When you copy the listing, reproduce each line as it appears and omit every image.

*Supplied data*.
========================================

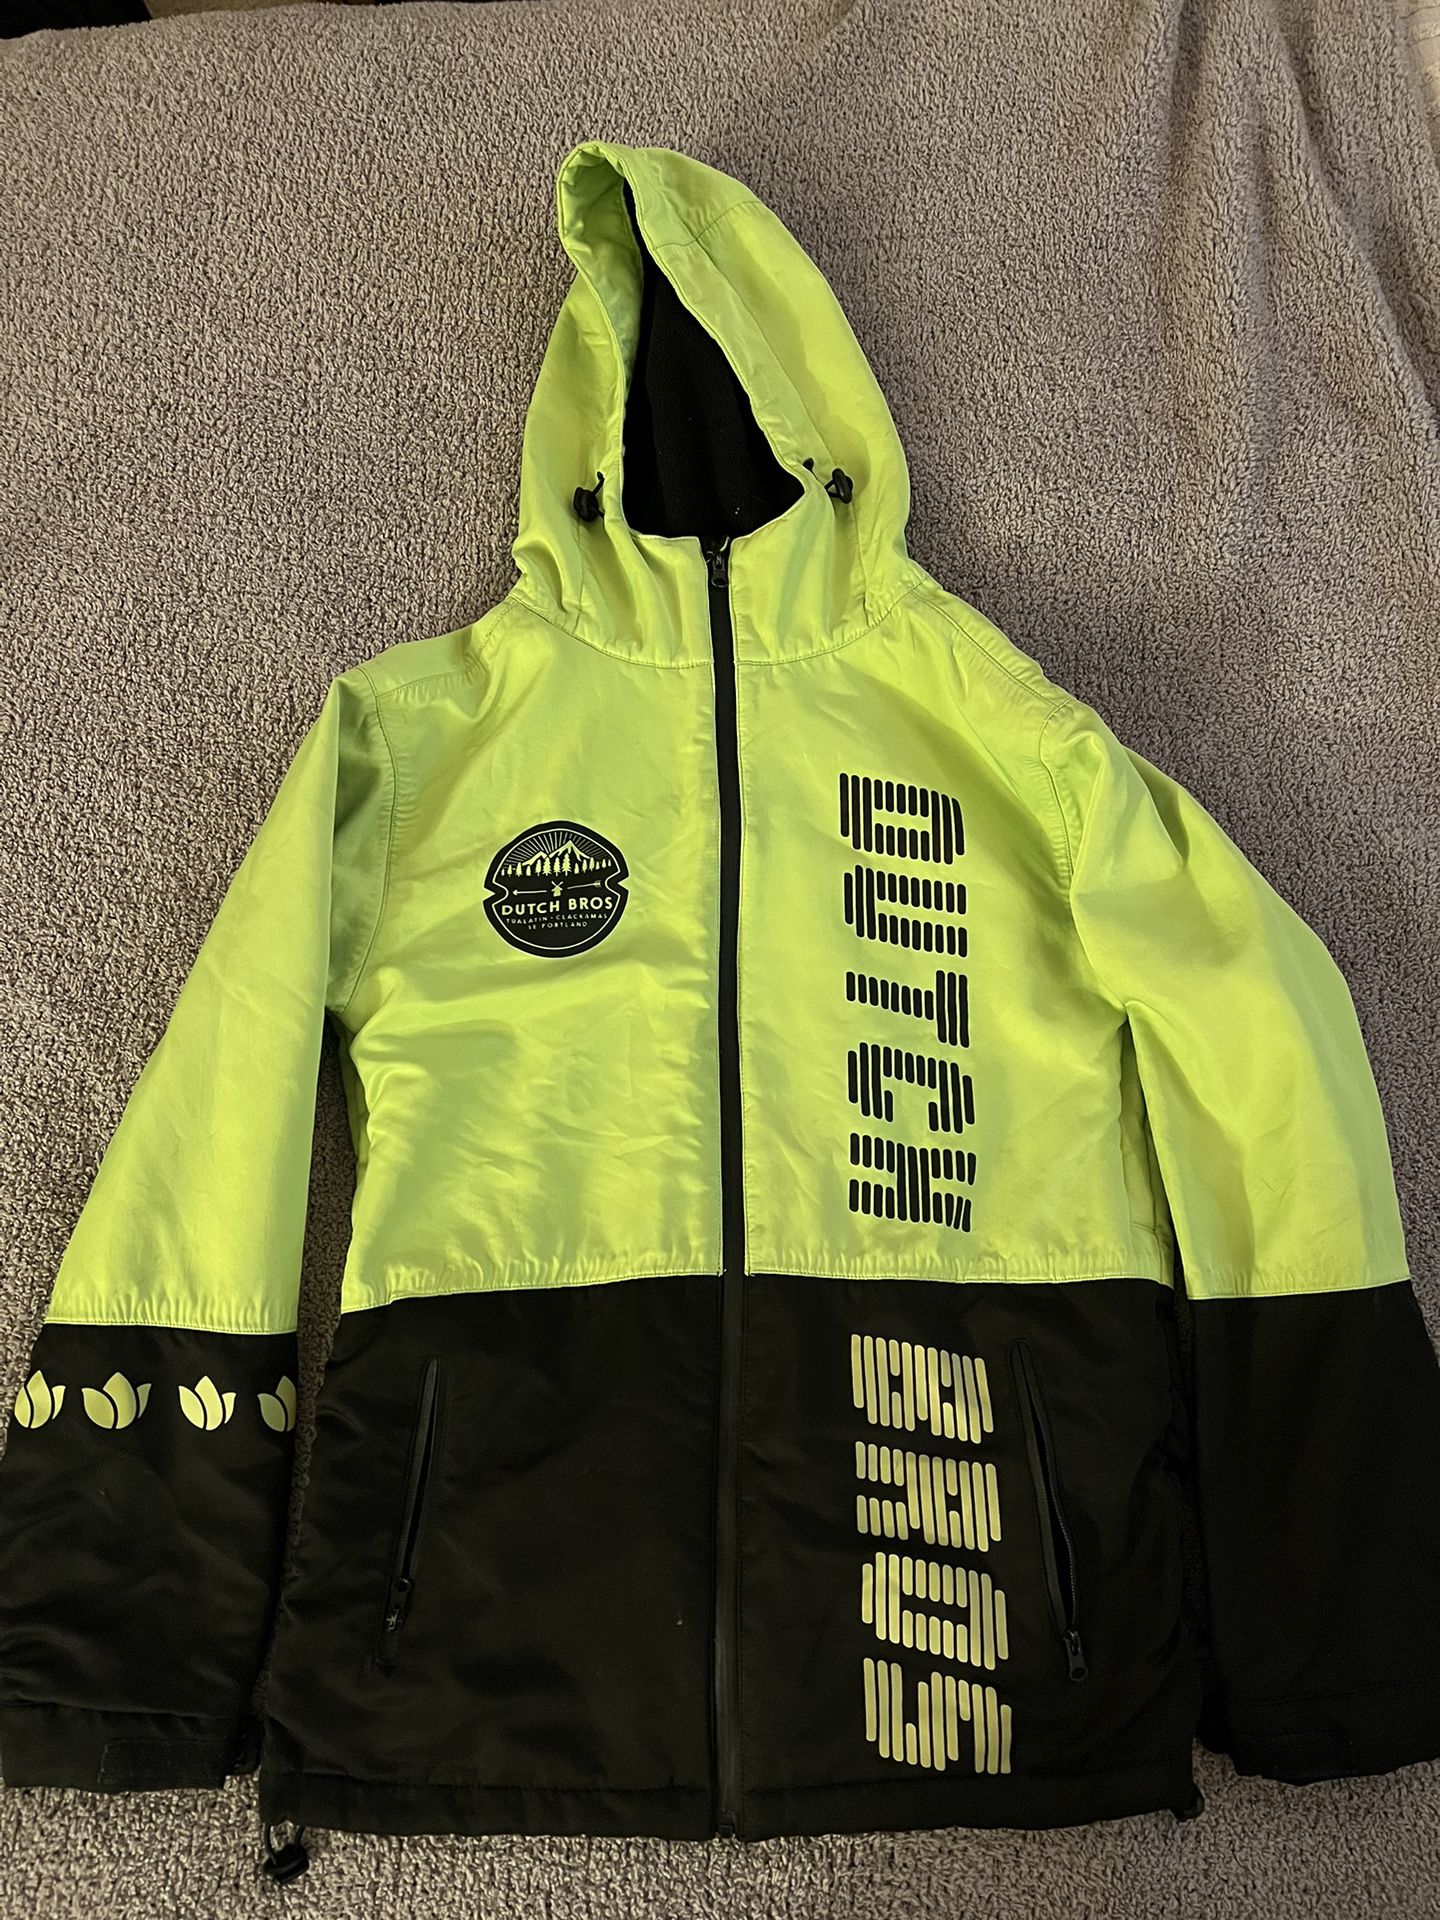 Dutch Bros Neon Rain Jacket
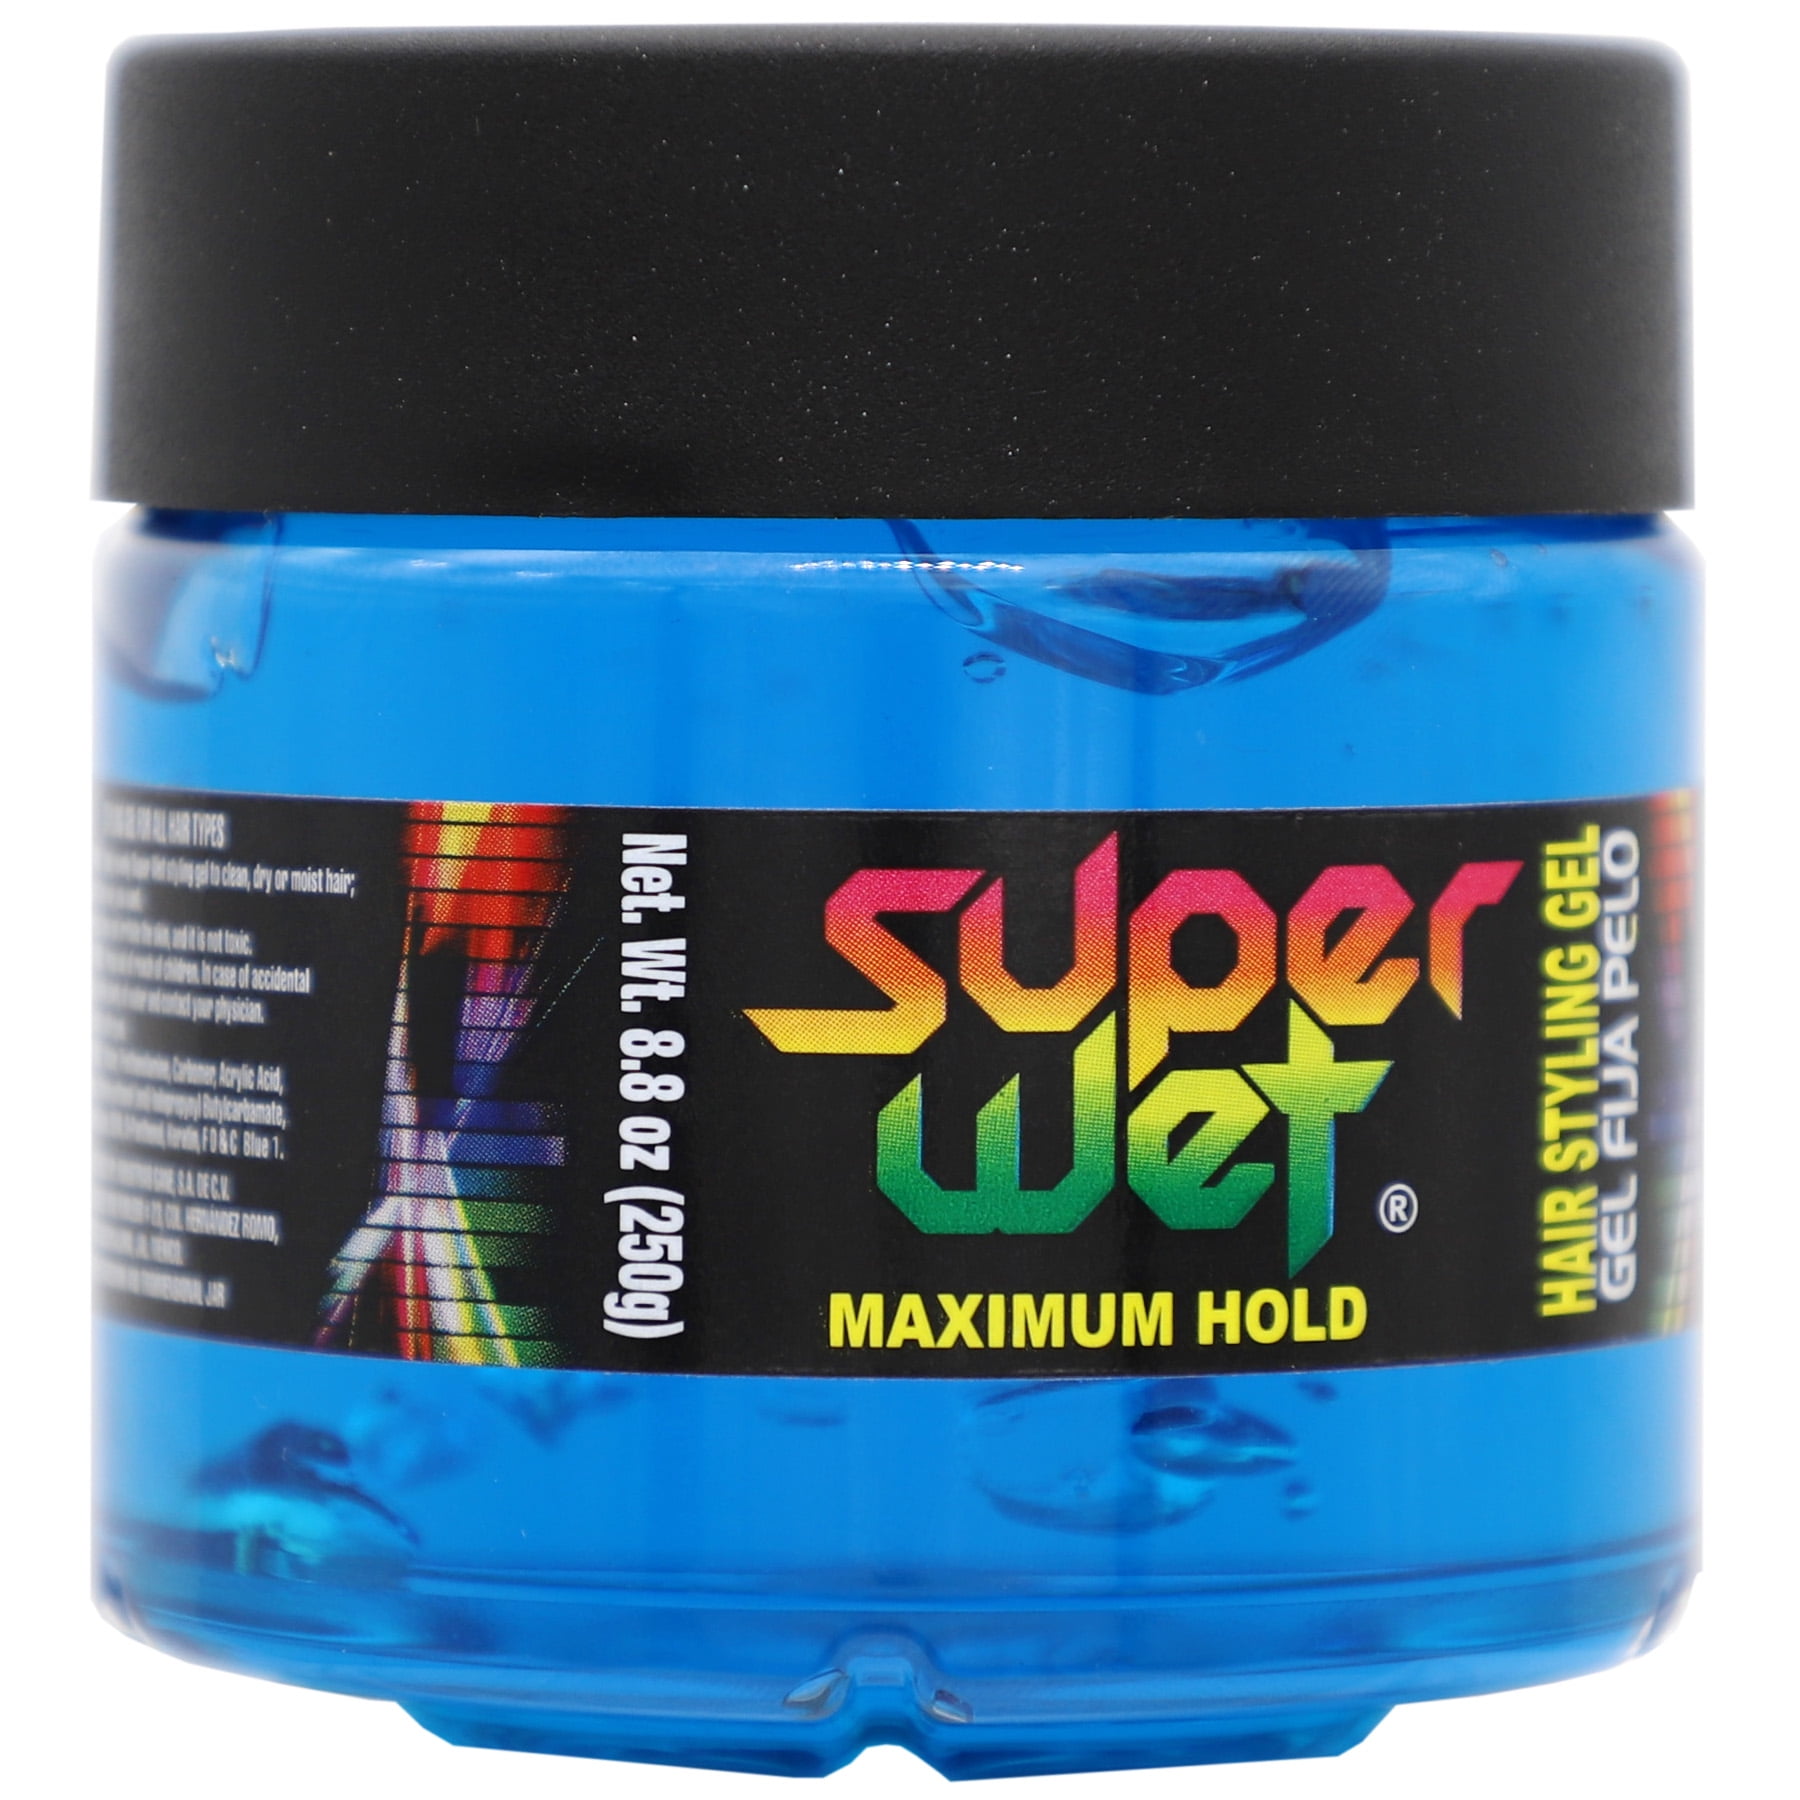 Super Wet Azul Nourishing Hair Styling Gel, Maximum Control, Unisex, 8.8 oz  Jar
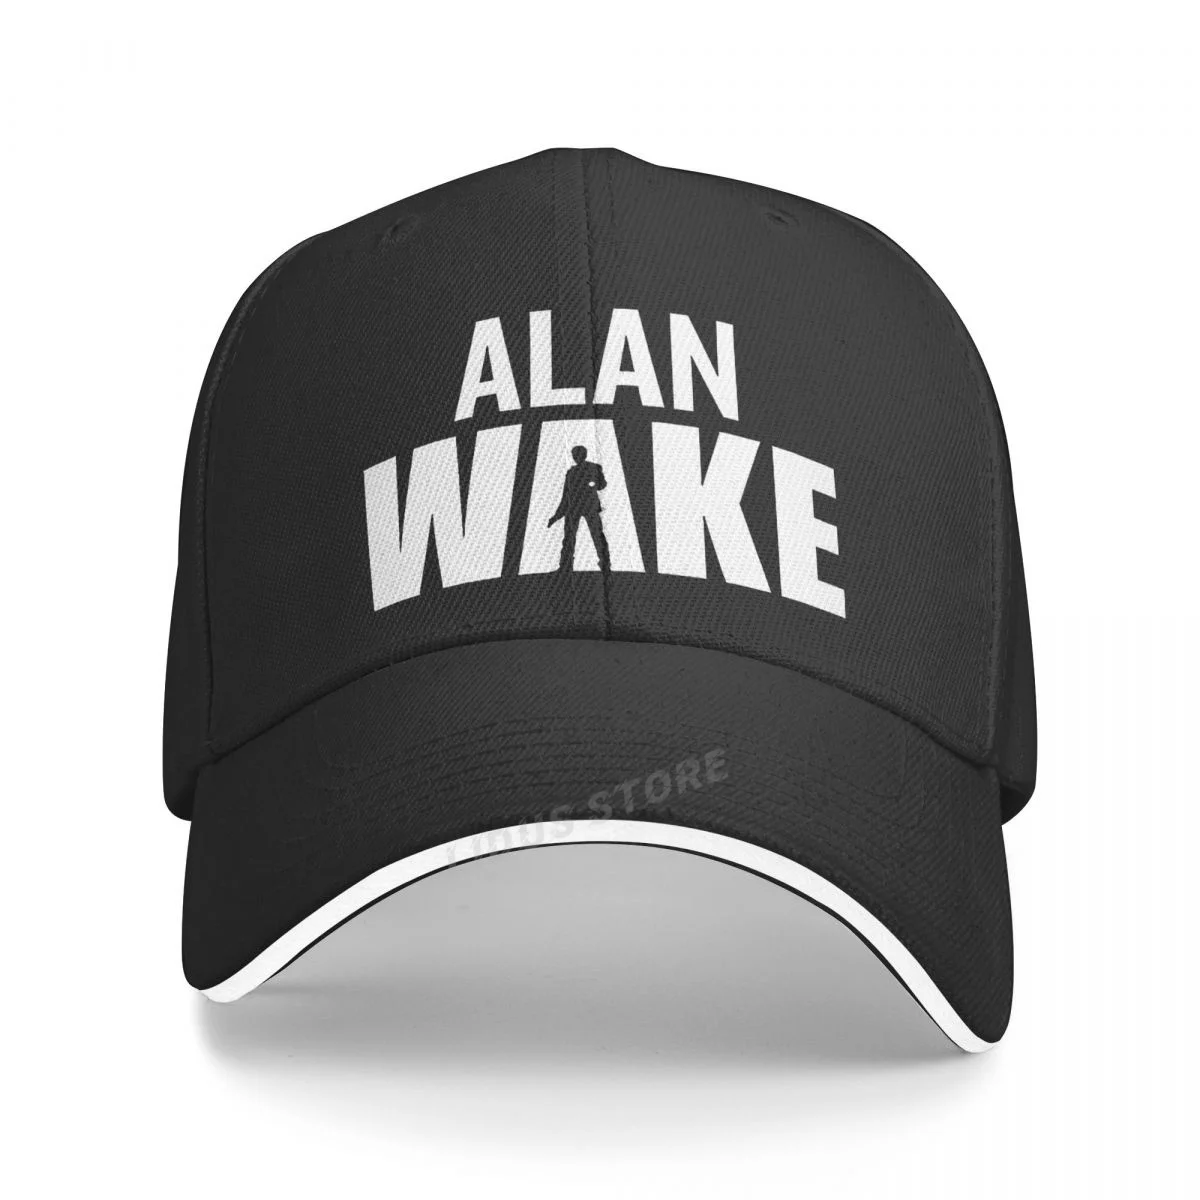 ALAN WAKE Summer New 100% Cotton Baseball Cap High Quality Trends Cool Summer Sun Caps Adjustable Hip Hop Hat Snapback

========================================

*Written solution*.
 Dutch Bros Neon Rain Jacket
 Super Wet Azul Nourishing Hair Styling Gel, Maximum Control, Unisex, 8.8 oz  Jar
 ALAN WAKE Summer New 100% Cotton Baseball Cap High Quality Trends Cool Summer Sun Caps Adjustable Hip Hop Hat Snapback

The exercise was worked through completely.